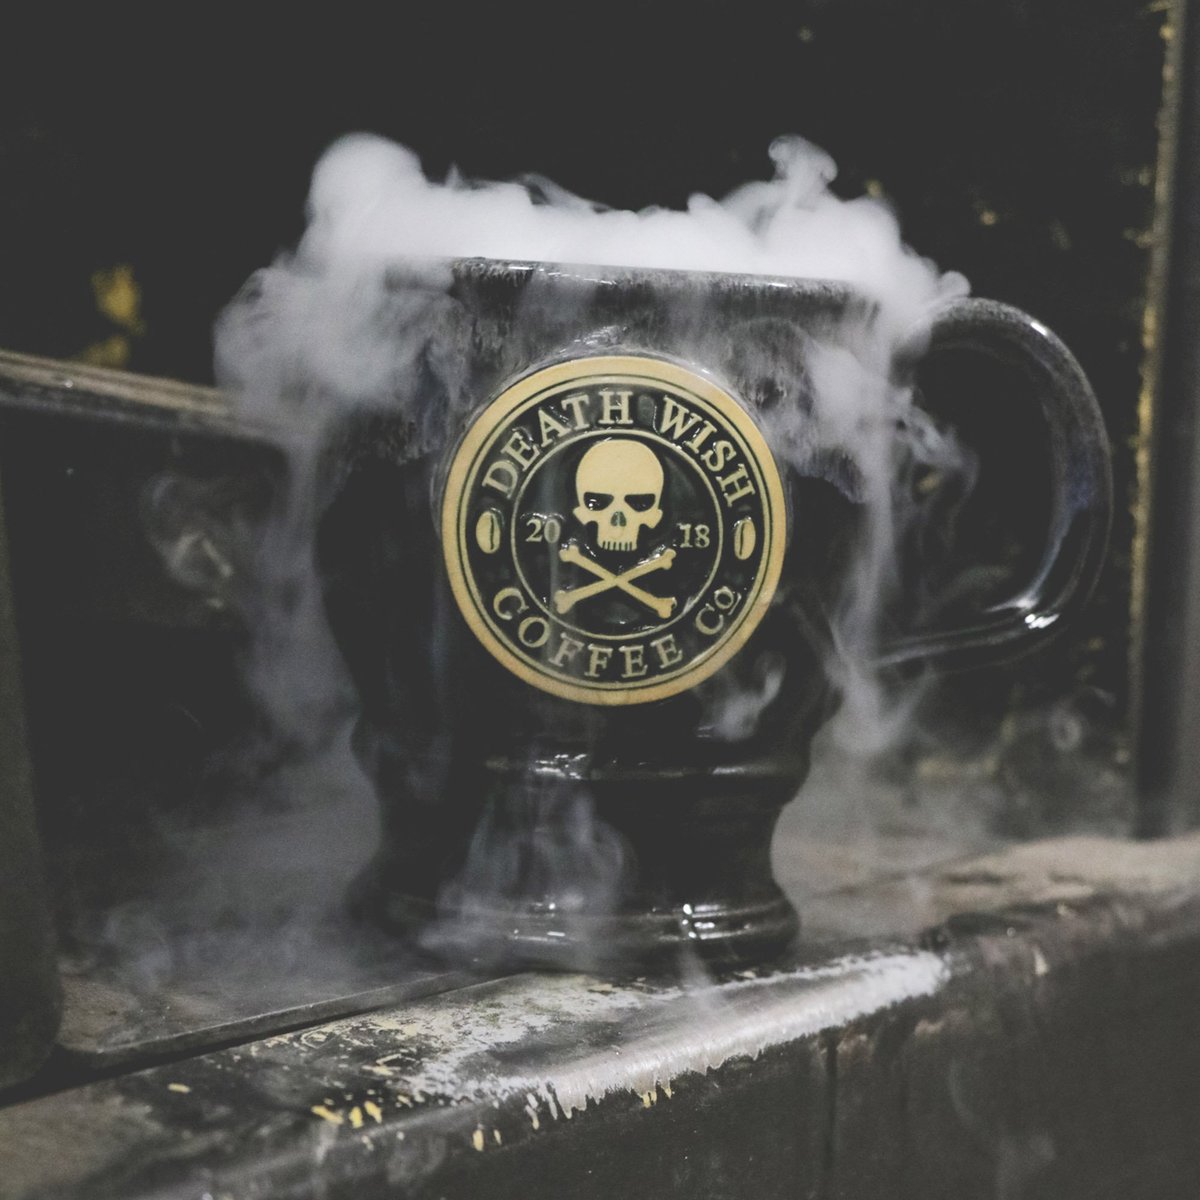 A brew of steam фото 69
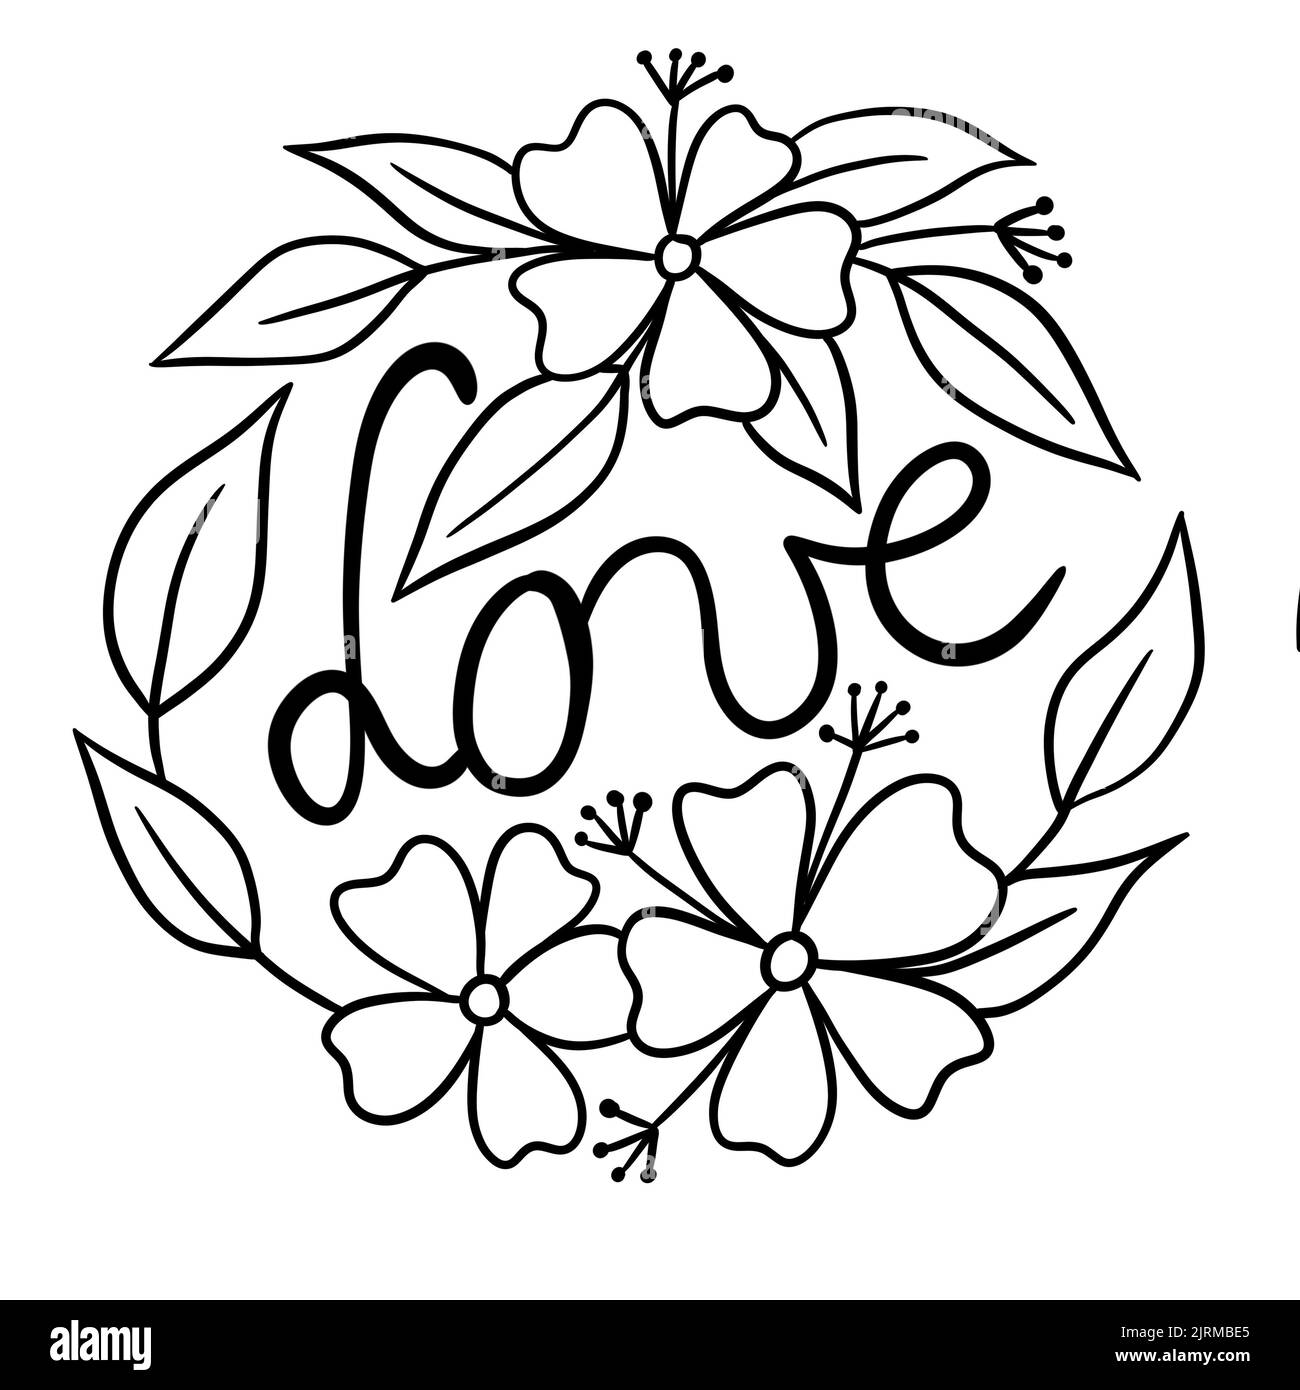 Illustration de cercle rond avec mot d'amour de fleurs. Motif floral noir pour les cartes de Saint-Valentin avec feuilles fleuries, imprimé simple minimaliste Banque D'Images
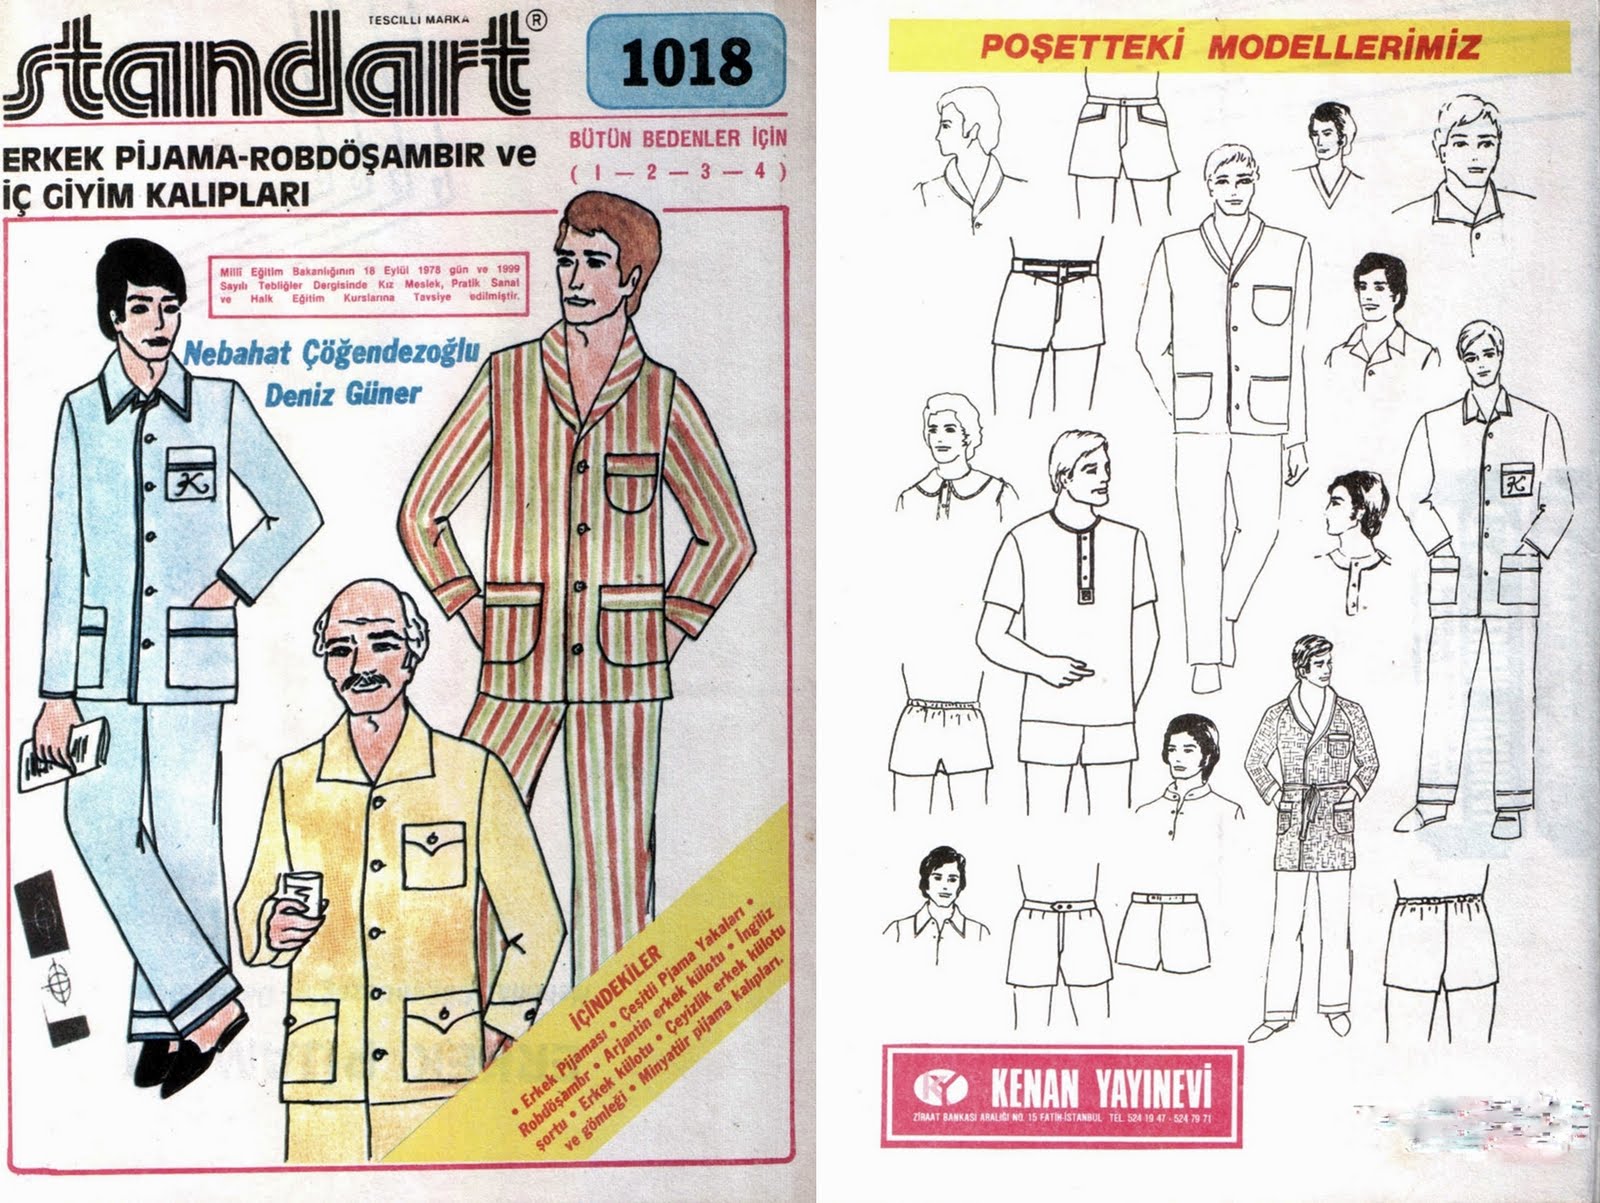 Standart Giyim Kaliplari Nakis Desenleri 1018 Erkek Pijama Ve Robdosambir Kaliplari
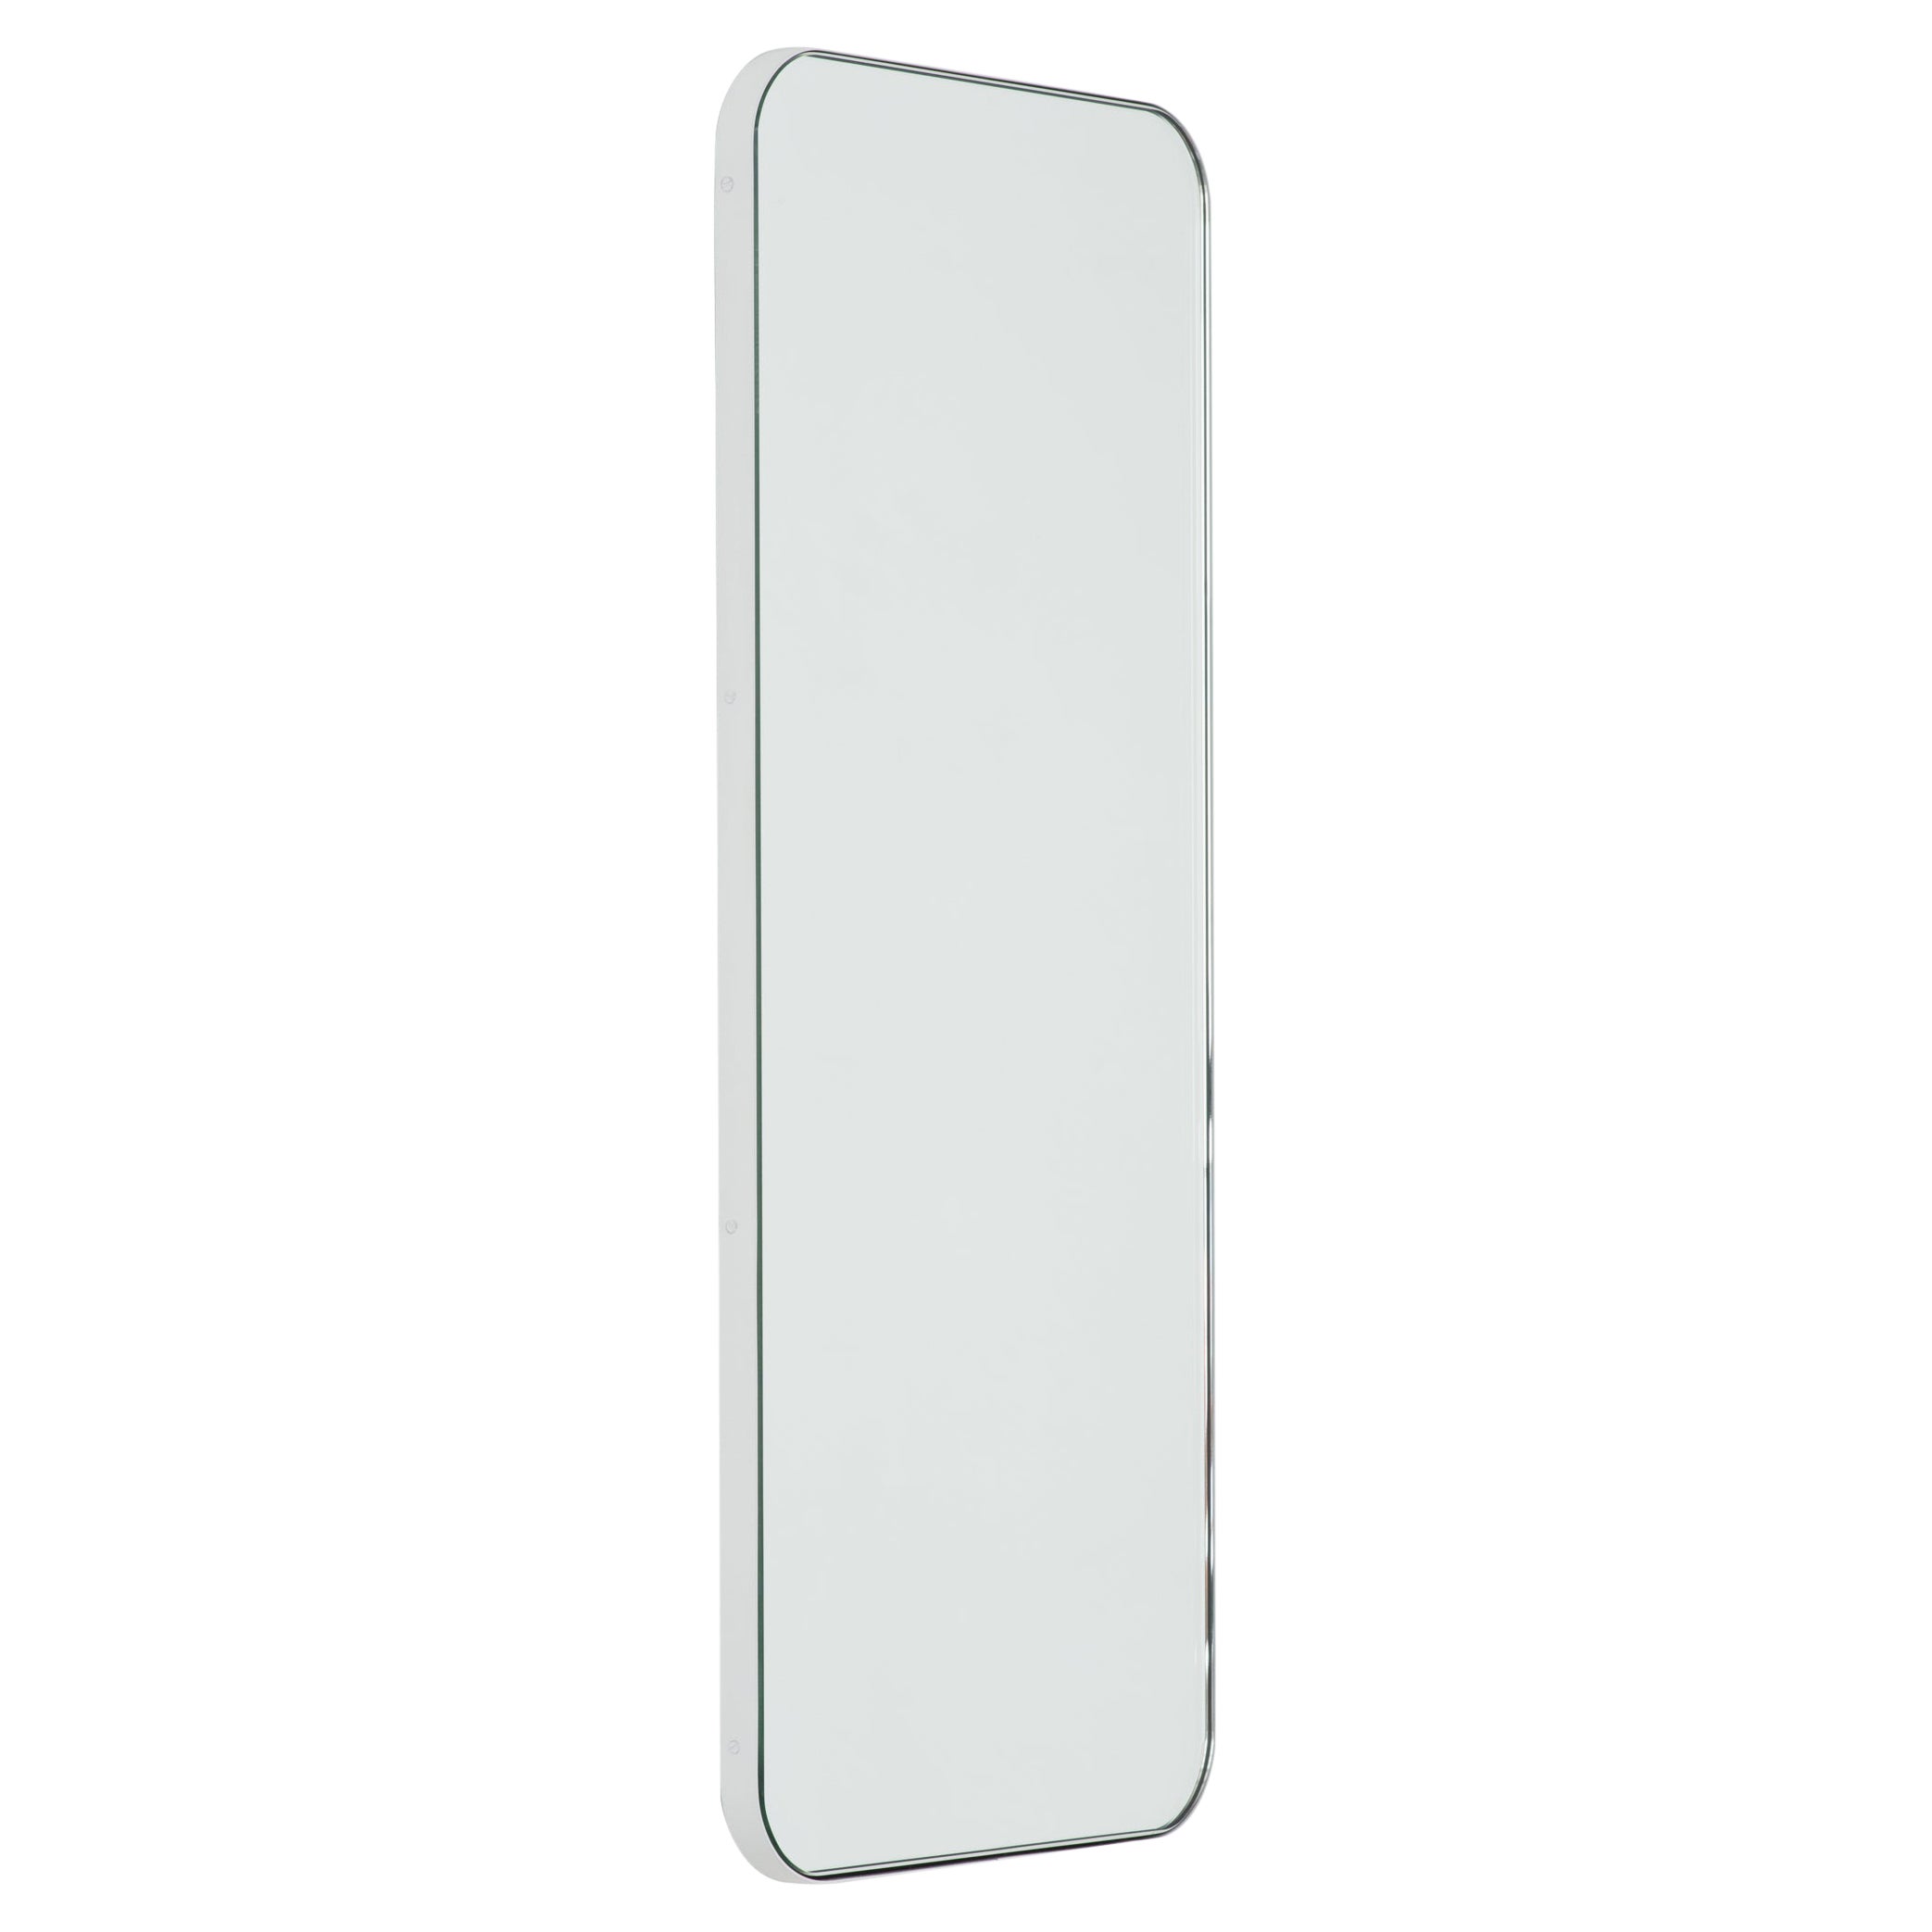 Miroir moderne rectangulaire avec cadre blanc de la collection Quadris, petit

******

What is needed:
Starting with the first line of the data above and ending with the line containing "Illustration de cercle", please restate every line exactly, leaving images out.

Solution:
 A brew of steam фото 69
 Illustration de cercle rond avec mot d'amour de fleurs. Motif floral noir pour les cartes de Saint-Valentin avec feuilles fleuries, imprimé simple minimaliste Banque D'Images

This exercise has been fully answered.